Os três casos, tratando de elementos do tipo (os dois primeiros, subjetivos, o
terceiro normativo), apresentam uma graduação da censurabilidade da conduta
(escala normativa), partindo da forma típica mais grave ("sabe"), passando pela
intermediária ("deve saber") e descendo a menos reprovável (culposa). Nas duas
primeiras hipóteses, quando o legislador reúne em tipo único o "sabe" e o "deve
saber", o juiz considera, para fixar a pena concreta, ter o sujeito agido com
conhecimento pleno ou parcial da situação de fato ou jurídica ("sabendo" ou "devendo
saber") ou com simples culpa.
No primeiro ("sabe"), há plena certeza da origem delituosa da coisa (BENTO DE
FARIA, GALDINO SIQUEIRA, NÉLSON HUNGRIA, MAGALHÃES NORONHA e
HELENO CLÁUDIO FRAGOSO). Nessa hipótese, diz a jurisprudência, "entende-se
não uma vaga noção que oscila entre a suspeita e a certeza, mas, sim, a plena
certeza da origem ilícita das coisas receptadas. A suspeita e a dúvida não bastam"
(SILVA FRANCO, Julgados do TACRIMSP, 81:541). Empregando a interpretação
gramatical, a expressão sabe, na literatura, leva ao pleno conhecimento: "sabe
fiscalizar todo o serviço" (ALVES REDOL, Anúncio, Lisboa, Portugália Ed., 1994, pág.
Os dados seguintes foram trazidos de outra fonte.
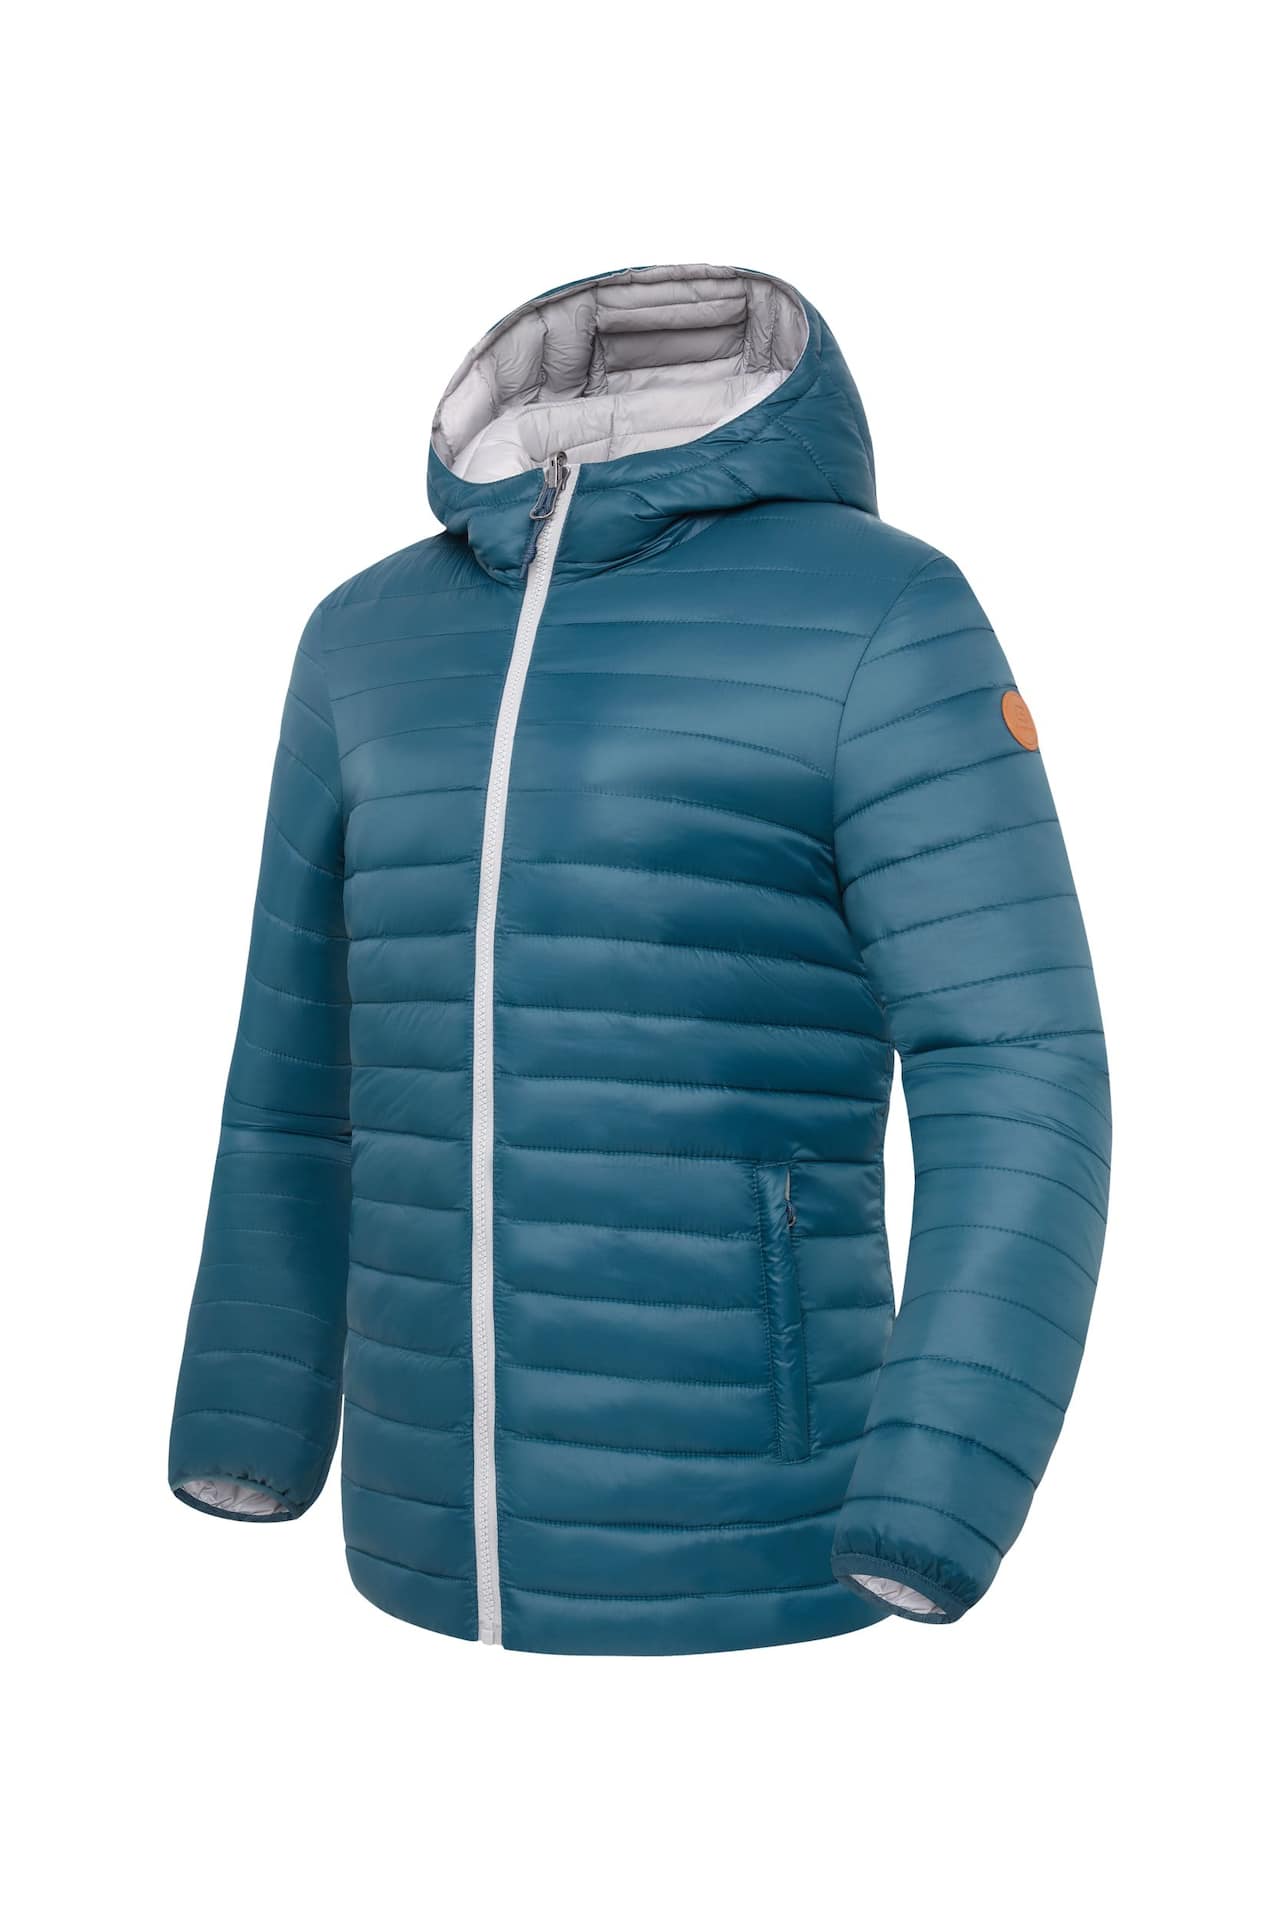 Outbound Women's Stratus Reversible Puffy Jacket, Blue/Grey

177), "ele sabe manejar garrucha" (TAUNAY, Inocência, SP, Melhoramentos, 31a. ed.,
pág. 203), "Augusto sabia construir corsários" (GUSTAVO CORÇÃO, Lições de
abismo, RJ, Agir, 1952, pág. 199), significando pleno conhecimento da fiscalização, do
manejo de arma e da construção de navios (JOÃO DE ALMEIDA, Introdução ao
estudo das perífrases verbais de infinitivo, ILHPA-HUCITEC, 1978, pág. 176).
No segundo ("deve saber"), a origem ilícita do objeto material passa pela mente
do sujeito, porém subsiste dúvida, incerteza, insegurança. Para nós, o deve saber é
interpretado em sentido estrito, como convém ao processo de adequação típica, não
envolvendo pleno conhecimento e sim probabilidade. Como ensina JOÃO DE
ALMEIDA, a construção com o verbo dever mais infinitivo, "quando serve à categoria
modal da possibilidade", "traduz essencialmente a noção da probabilidade" (op. cit.,
pág. 173). Ele deve saber quer dizer "é provável que ele saiba", mas não conduz à
crença de seu conhecimento, como na elementar sabe. A consciência de a coisa ser
produto de crime sai do plano do dever, obrigação, para revestir-se de característica
hipotética: "em face das circunstâncias, ele devia ter pleno conhecimento da
proveniência ilícita do objeto material", mas não se sabe com certeza se tinha ou não.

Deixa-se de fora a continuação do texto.